Publié par Magali Marc le 23 octobre 2019

Comme le prévoyait les sondages, les élections fédérales canadiennes ont été très serrées. Le gouvernement libéral était talonné par les Conservateurs d’Andrew Scheer partout au pays, sauf au Québec où le Bloc Québécois a fait la vie dure aux deux partis. Finalement, le verdict est tombé tard en soirée: les Libéraux, avec 157 sièges vont former un gouvernement minoritaire.

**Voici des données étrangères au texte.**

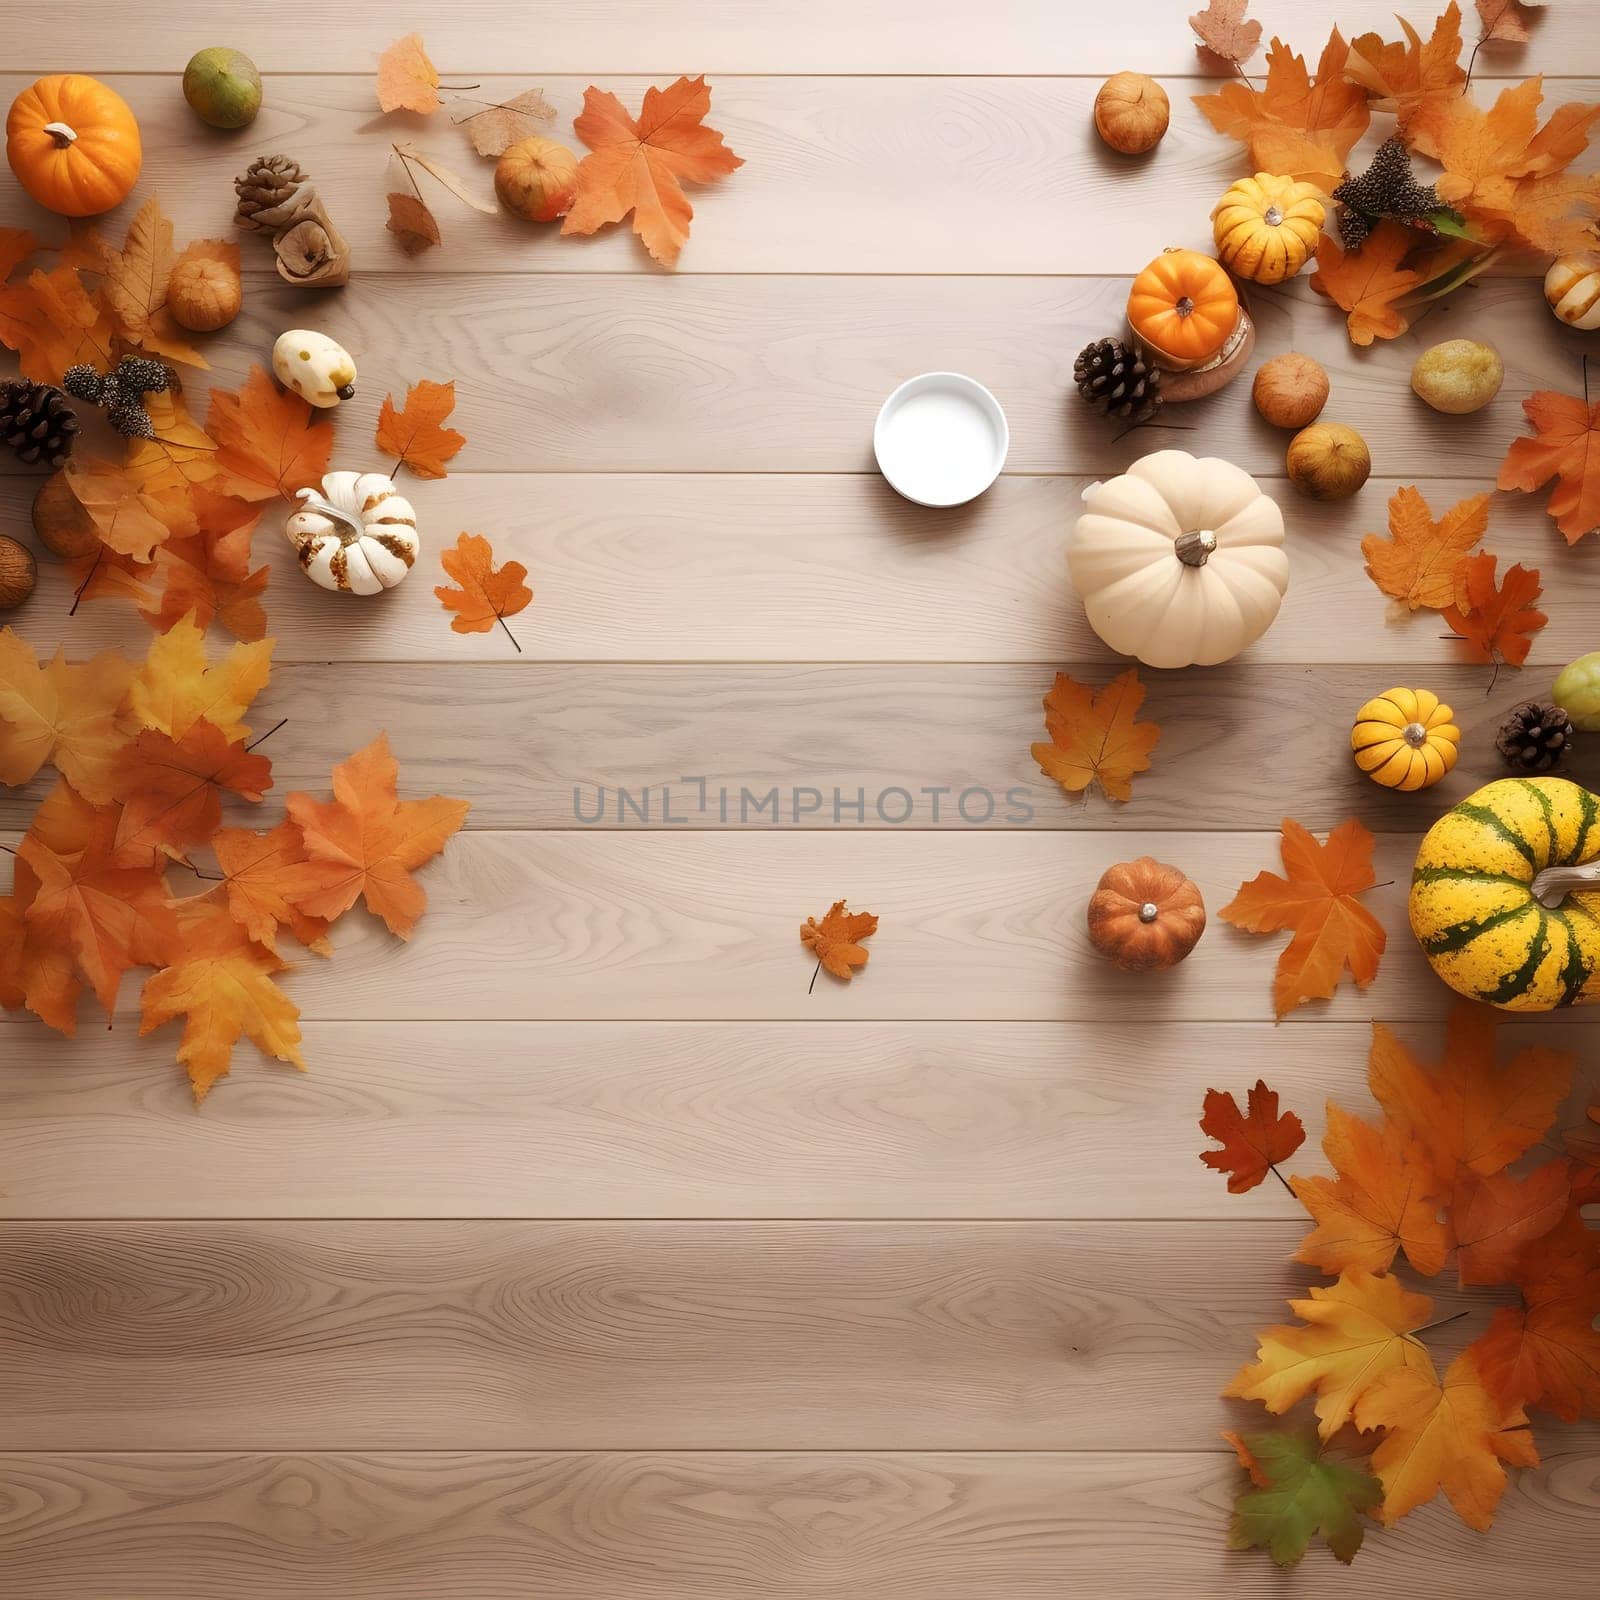 An aerial view of wooden planks, with scattered autumn leaves and pumpkins. Pumpkin as a dish of thanksgiving for the harvest. An atmosphere of joy and celebration.

Cela en dépit du fait que les Conservateurs ont réussi une belle performance, passant de 95 sièges à 121 (23 de plus qu’en 2015) avec un pourcentage de voix plus élevé que les Libéraux (34.4% contre 33.1%), Mais comme je l’ai déjà expliqué le nombre de sièges obtenus dépend d’avantage de la répartition des votes que de leur nombre réel.

Les Libéraux pouvaient se permettre de perdre les 23 sièges qu’ils détenaient, passant de 177 (largement majoritaires) à 157 (minoritaires, car il faut au moins 170 sièges à la Chambre des Communes pour former un gouvernement majoritaire). Mais tout n’est pas rose pour Justin Trudeau qui va devoir composer avec une opposition forte des Conservateurs et un appui sporadique du NDP, le parti le plus «progressiste» sur la scène fédérale.

Certes, le NPD s’est écrasé (perdant 15 des 39 sièges obtenus en 2015), surtout au Québec où il ne conserve qu’un seul siège des 15 qu’il détenait depuis la raclée encaissée par Thomas Mulcair lors des élections fédérales de 2015. Malgré tout, le NPD de Jagmeet Singh, avec un total de 24 sièges, détiendra la balance du pouvoir et pourra soutenir les Libéraux sur des questions «progressistes» comme le climat, le multiculturalisme et l’opposition à la Loi sur la Laïcité du Québec.

La situation au Québec

Le Bloc Québécois qui ne détenait que 10 sièges depuis 2015, est passé à 32 sièges.
La vague bleu pâle du Bloc québécois a anéanti les espoirs des Conservateurs de faire des gains dans le Québec francophone qui avait voté pour la Coalition Avenir Québec (CAQ) au provincial, l’an dernier. Ainsi les Conservateurs se retrouvent avec 10 sièges au Québec au lieu des 12 qu’ils avaient remportés en 2015.

Comme ça ne servirait pas à grand-chose de faire la promotion de la souveraineté du Québec à Ottawa, M. Blanchet se contentera de défendre ce qu’il perçoit comme étant les intérêts du Québec : la Loi sur la Laïcité, bien sûr, mais aussi la lutte aux «changements climatiques» et le refus d’un pipeline transcanadien amenant au Québec plus de pétrole de l’Alberta).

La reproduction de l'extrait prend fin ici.